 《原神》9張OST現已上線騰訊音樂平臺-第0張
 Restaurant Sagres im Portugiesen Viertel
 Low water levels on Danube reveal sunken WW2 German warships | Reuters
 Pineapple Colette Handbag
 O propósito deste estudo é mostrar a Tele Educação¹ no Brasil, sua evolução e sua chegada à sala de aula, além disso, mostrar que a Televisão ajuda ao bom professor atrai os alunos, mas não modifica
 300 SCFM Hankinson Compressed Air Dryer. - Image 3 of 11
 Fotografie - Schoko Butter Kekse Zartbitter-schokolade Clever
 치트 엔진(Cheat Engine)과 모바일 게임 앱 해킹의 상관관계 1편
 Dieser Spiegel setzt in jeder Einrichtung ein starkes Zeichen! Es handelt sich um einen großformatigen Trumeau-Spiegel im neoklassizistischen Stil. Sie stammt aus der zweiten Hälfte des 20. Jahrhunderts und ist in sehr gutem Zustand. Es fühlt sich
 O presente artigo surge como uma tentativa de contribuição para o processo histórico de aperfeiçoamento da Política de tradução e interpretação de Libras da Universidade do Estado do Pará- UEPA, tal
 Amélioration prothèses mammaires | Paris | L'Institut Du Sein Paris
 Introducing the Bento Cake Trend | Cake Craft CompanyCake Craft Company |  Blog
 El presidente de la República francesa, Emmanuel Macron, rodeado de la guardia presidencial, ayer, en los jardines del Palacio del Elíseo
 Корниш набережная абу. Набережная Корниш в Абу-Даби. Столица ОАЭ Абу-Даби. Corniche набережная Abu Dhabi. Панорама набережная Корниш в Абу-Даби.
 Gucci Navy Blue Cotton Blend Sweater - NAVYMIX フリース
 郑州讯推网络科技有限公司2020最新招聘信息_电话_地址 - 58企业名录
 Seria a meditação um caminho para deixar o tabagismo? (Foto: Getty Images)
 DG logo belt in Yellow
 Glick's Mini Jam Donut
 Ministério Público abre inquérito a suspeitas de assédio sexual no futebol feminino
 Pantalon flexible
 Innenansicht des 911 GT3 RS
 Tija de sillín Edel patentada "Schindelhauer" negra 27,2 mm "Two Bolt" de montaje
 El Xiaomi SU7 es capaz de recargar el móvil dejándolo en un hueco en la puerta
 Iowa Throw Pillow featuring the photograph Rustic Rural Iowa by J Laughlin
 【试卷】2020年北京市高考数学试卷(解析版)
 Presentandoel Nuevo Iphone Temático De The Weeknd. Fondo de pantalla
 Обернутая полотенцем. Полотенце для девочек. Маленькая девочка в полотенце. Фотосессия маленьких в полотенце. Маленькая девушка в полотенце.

□ □ □ □ □ □ □

__YOUR TASK__: In the listing above, locate the line containing "O presente artigo" and the line containing "Amélioration prothèses mammaires". Extract those two lines and every line between them, exactly as written, and only those.

__EXERCISE ANSWER__:
 O presente artigo surge como uma tentativa de contribuição para o processo histórico de aperfeiçoamento da Política de tradução e interpretação de Libras da Universidade do Estado do Pará- UEPA, tal
 Amélioration prothèses mammaires | Paris | L'Institut Du Sein Paris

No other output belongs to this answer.